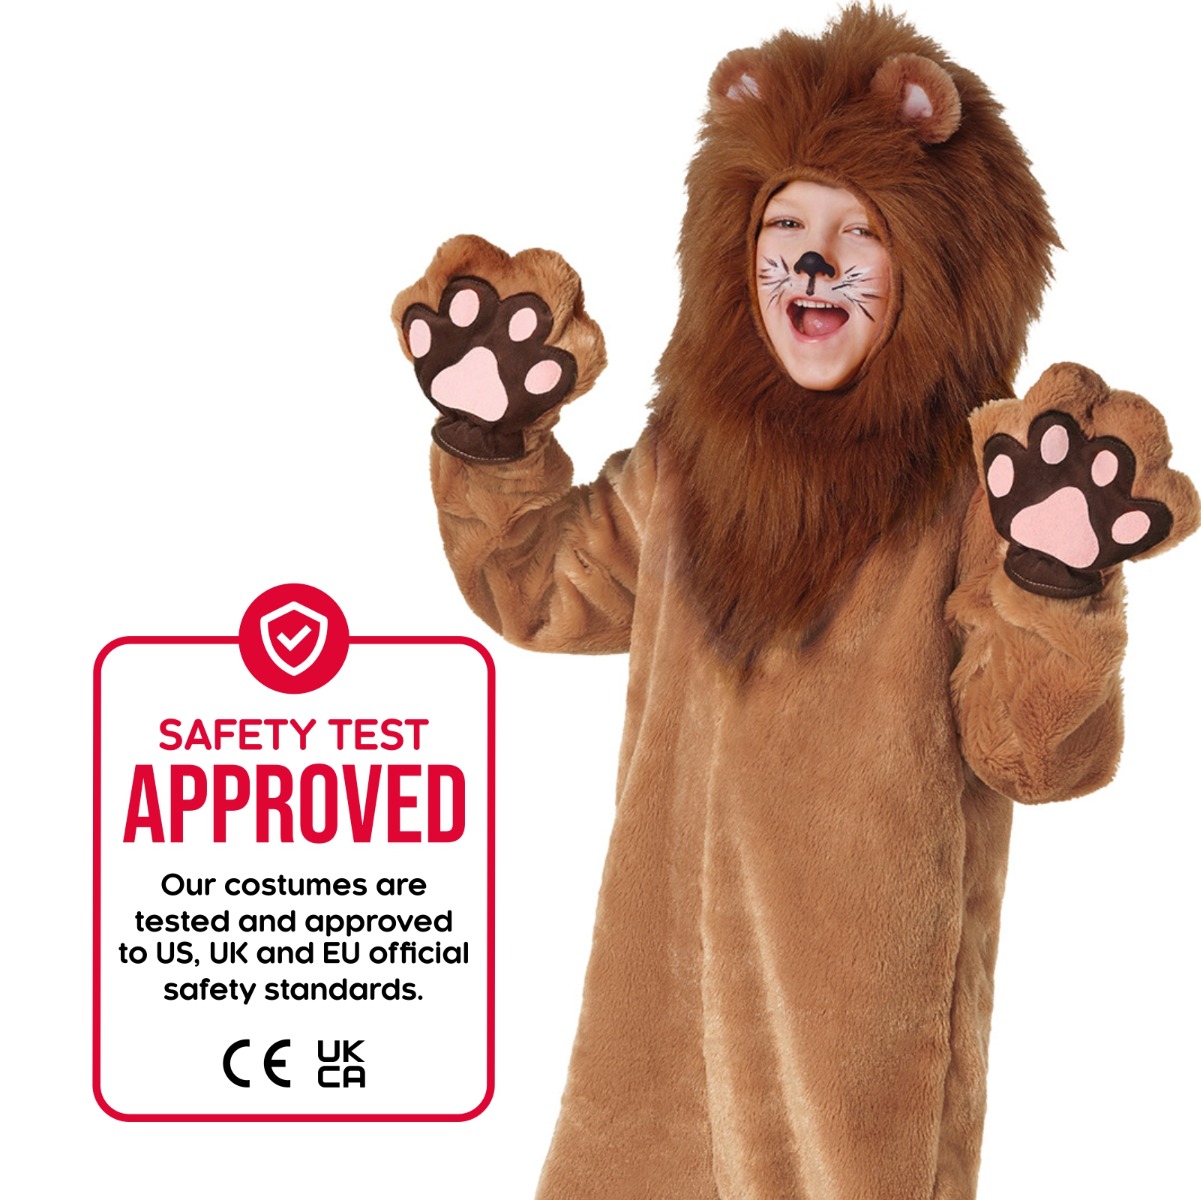 Kids Lion Deluxe Costume
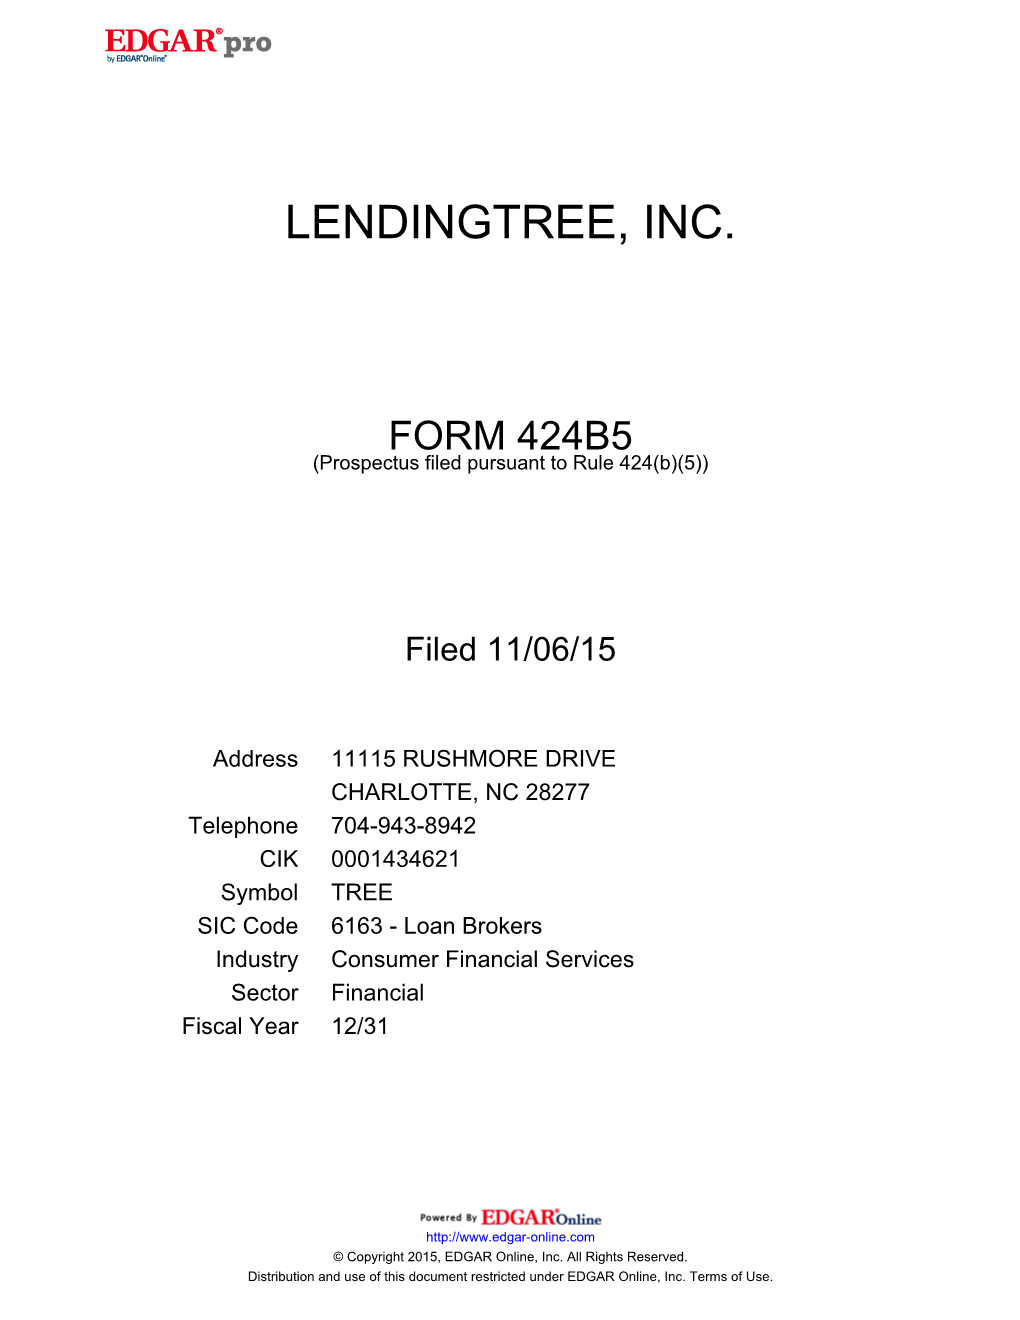 Lendingtree, Inc
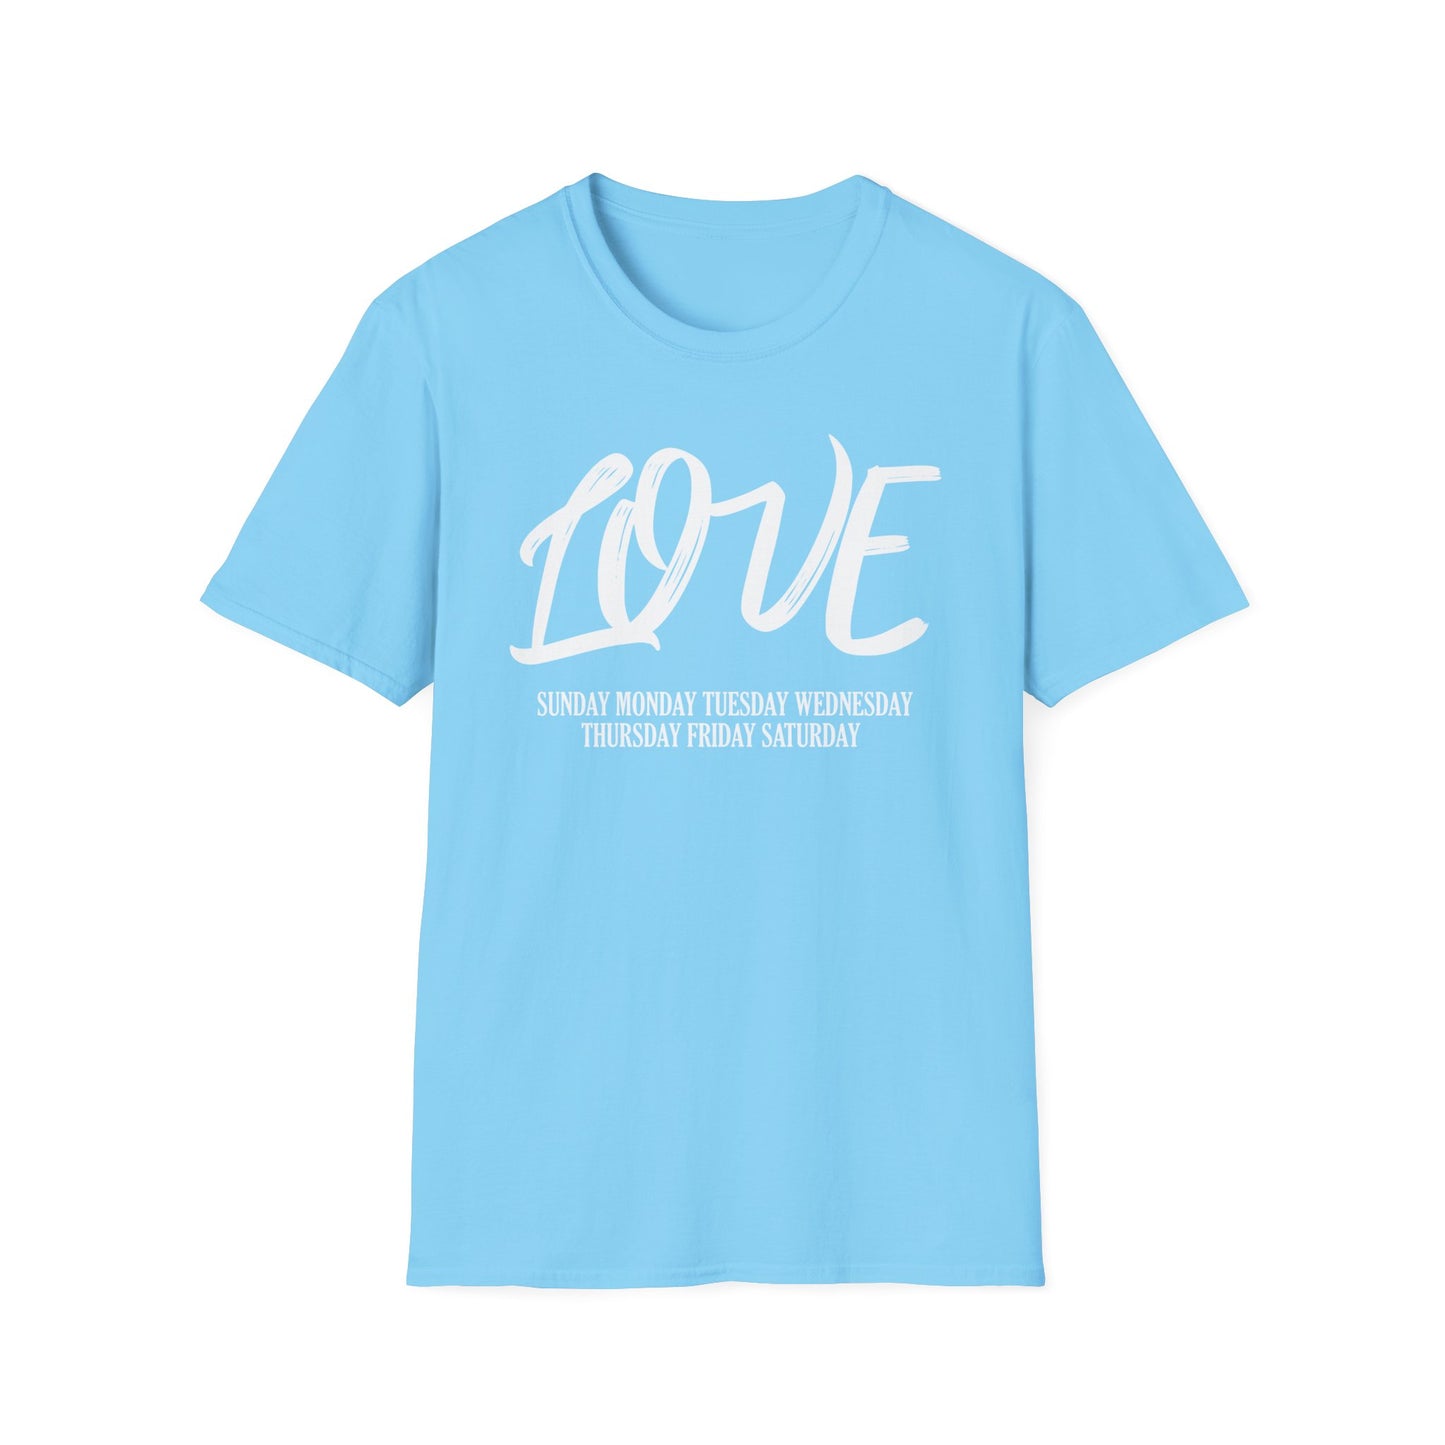 "Love Everyday" T-Shirt
**********
Please set down each line of the listing above word for word, skipping any pictures.

Task answer:
 Kids Lion Deluxe Costume
 Lendingtree, Inc
 "Love Everyday" T-Shirt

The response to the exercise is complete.